Some businesses find cash discount programs easier to communicate to customers because the framing is a reward rather than a penalty. Others find surcharging more straightforward because the pricing doesn’t change for the majority of transactions.

ACH is worth calling out specifically here. For B2B merchants with large invoice amounts, ACH processing fees are significantly lower than credit card rates, typically a fraction of a percent, with a small transaction cap. Encouraging customers to pay by ACH through a discount or incentive program can reduce processing costs meaningfully without the compliance complexity of credit card surcharging.

Level 2 and Level 3 processing is another cost-reduction lever that often gets overlooked entirely. B2B card transactions can qualify for lower interchange rates when enhanced data is passed at the time of the sale. Level 2 includes information like the tax amount and a customer code. Level 3 adds full line-item detail. Corporate purchasing cards and government cards are particularly likely to qualify for lower rates with this data. The savings per transaction are modest, but across high-volume B2B processing, they compound quickly.

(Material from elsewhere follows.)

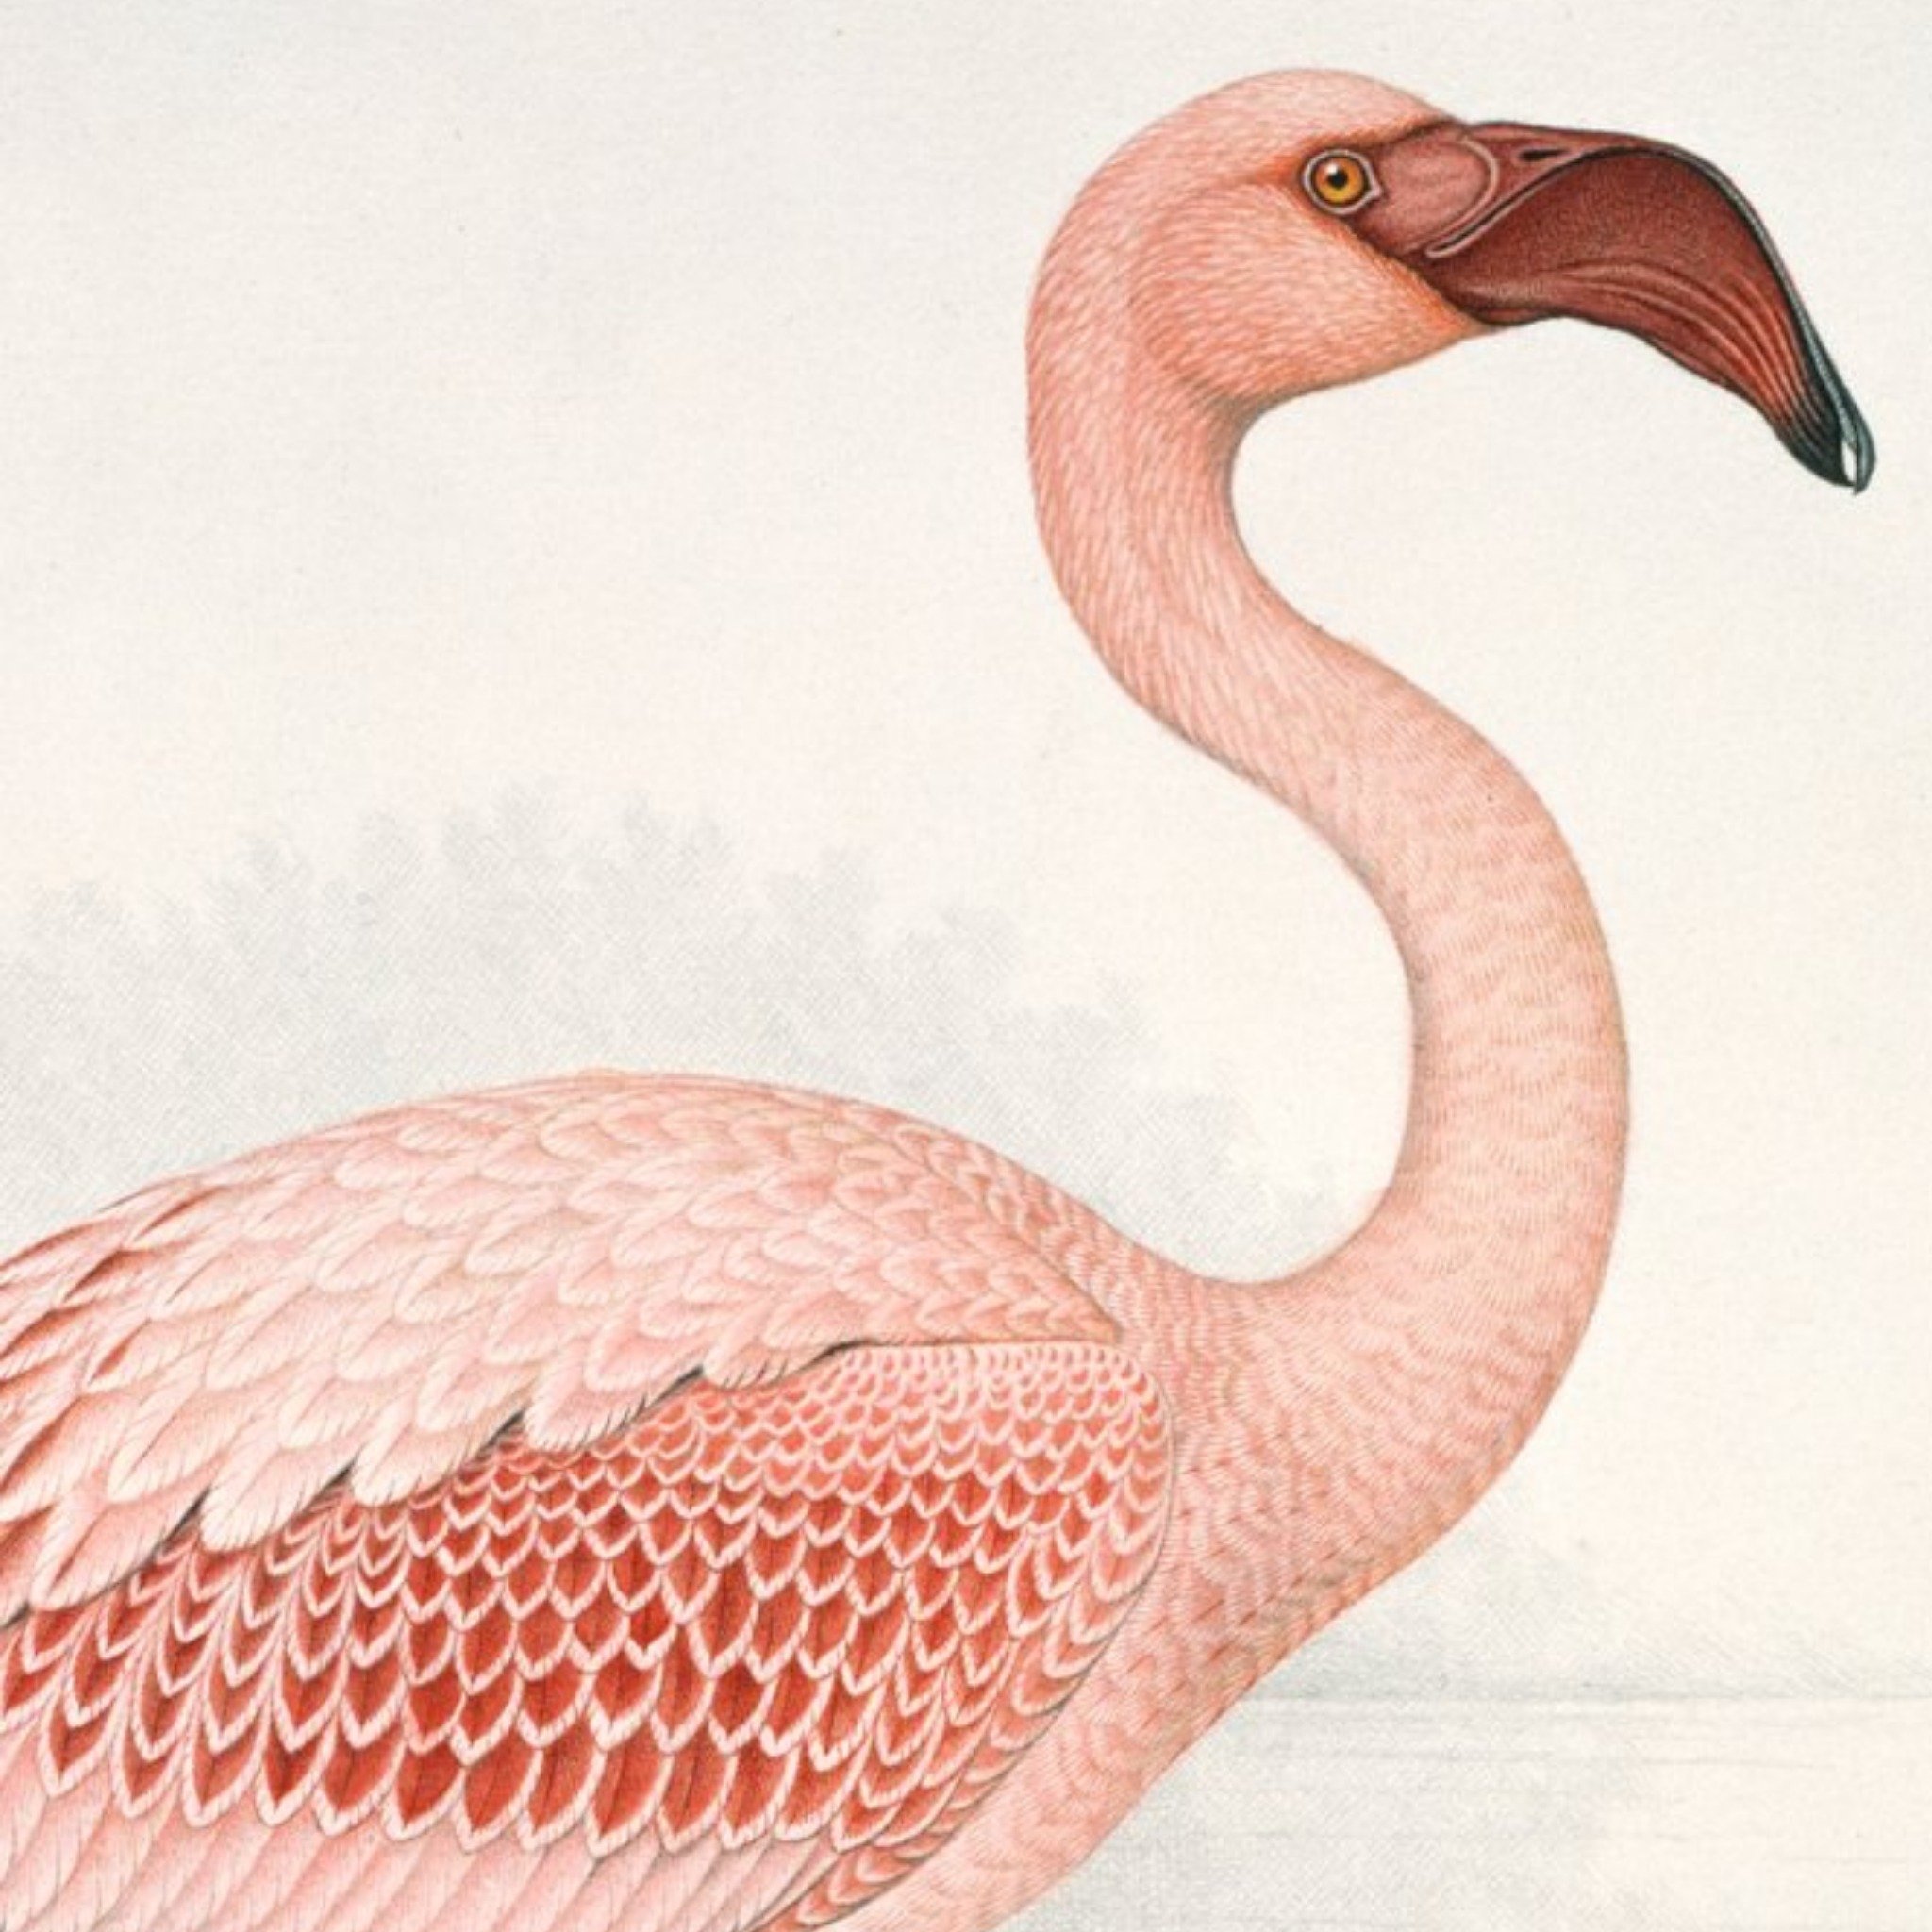 The Natural History Museum Illustrated Flamingo Card, Square

How Embedded Payment Software Handles Fee Allocation Automatically

Managing surcharging, cash discounts, and Level 2/3 data manually is where compliance risks and reconciliation errors tend to pile up. Tracking which cards are credit versus debit, applying the correct surcharge rate consistently, passing Level 2/3 data on qualifying transactions, handling disclosure requirements, and then posting it all correctly to the right GL accounts is a lot to manage by hand.

Embedded payment software handles all of it automatically. When a payment processor is built natively into your accounting or ERP system, it can identify card types at the time of the transaction, apply a surcharge on credit card transactions only where appropriate, pass Level 2/3 data automatically on qualifying B2B purchases, and post the fee allocation to the correct accounts in your general ledger without any manual adjustment.

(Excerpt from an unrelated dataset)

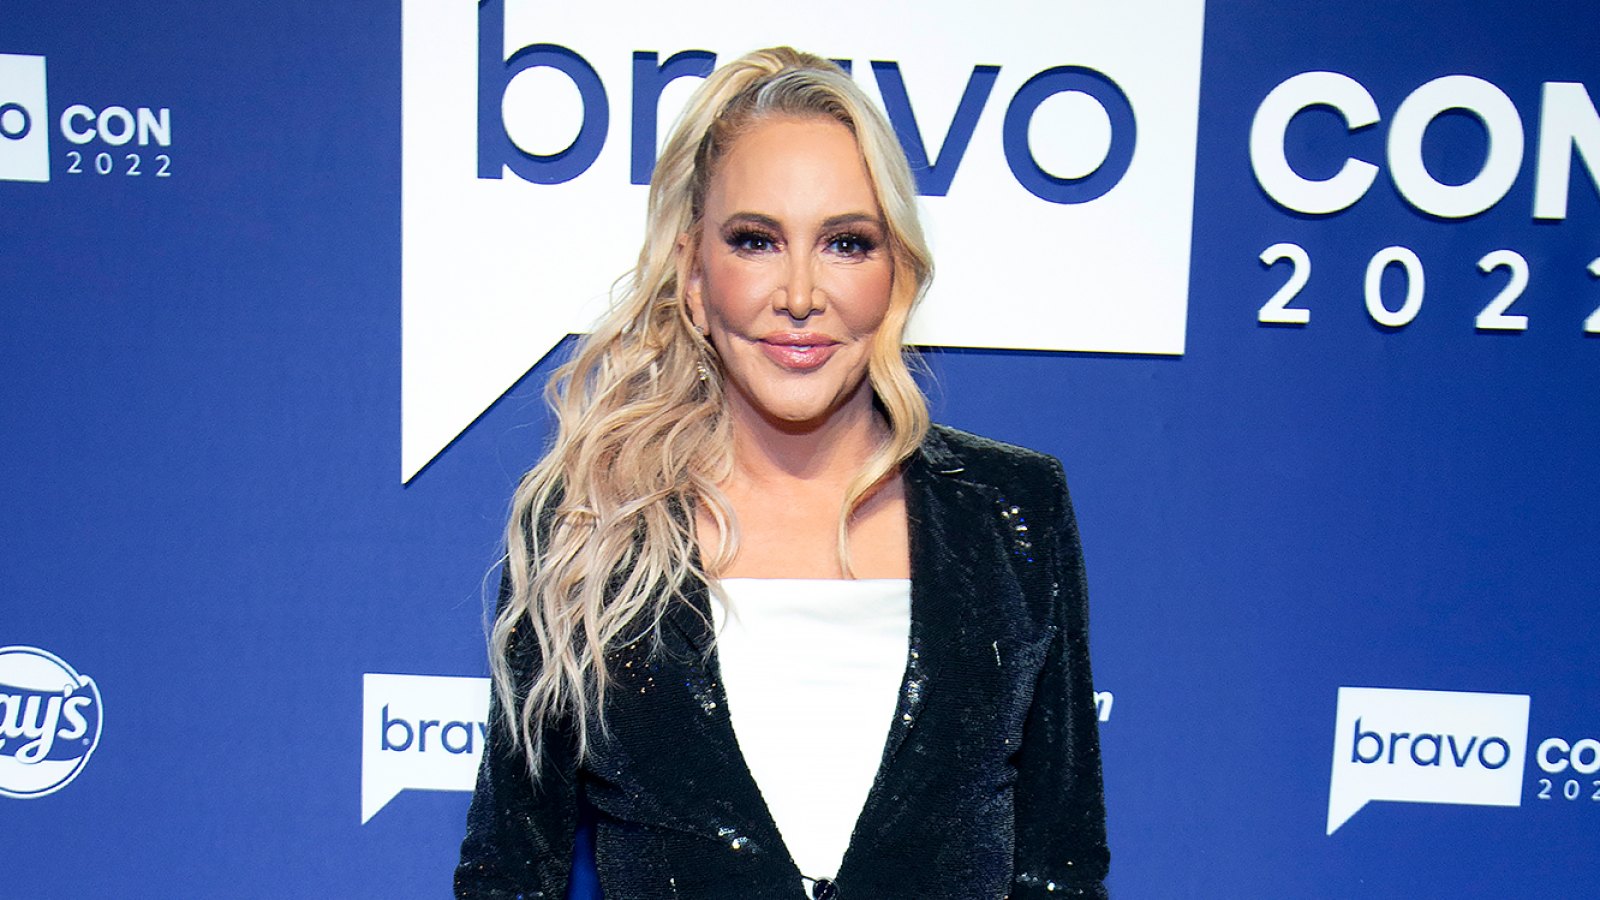 Shannon Beador Addressed Claims About Her Drinking on RHOC Reunion Days Before Arrest

The reconciliation benefit is also worth noting. When the payment processing solution is embedded in the system your AR team already works in, surcharges and discounts appear correctly on every transaction record from the moment the payment is processed. Month-end close doesn’t require a separate reconciliation pass to account for fee allocations because the software has already handled it.

Real-time reporting gives finance leadership visibility into exactly what was paid in fees, what was passed to customers through surcharging, what was offset through ACH, and what the net cost of processing actually was for any given period. That visibility is difficult to achieve when payment data lives in a disconnected processor and has to be imported or reconciled manually.

How EBizCharge Manages Processing Fees

EBizCharge includes built-in credit card surcharging that is automatically applied, compliant with card network rules, and consistent across every transaction type. The platform identifies card types at the point of sale, applies surcharges only where appropriate, enforces cap limits, and handles the registration and disclosure requirements that merchants are responsible for meeting.

surcharging example

Level 2 and Level 3 data passes automatically on qualifying B2B transactions, which means interchange savings happen without anyone on your team having to think about it. ACH processing is fully supported for businesses that want to incentivize lower-cost payment methods.

Because EBizCharge integrates natively with over 100 ERP, CRM, and accounting platforms, fee allocations post directly to the correct GL accounts in real time. There’s no manual entry, no separate reconciliation process, and no gap between what the payment processor recorded and what your accounting system shows.

For business owners, controllers, and AR managers who are serious about understanding and managing credit card fees, the right payment processor makes the difference between a cost that runs on autopilot and one that actually works in your favor.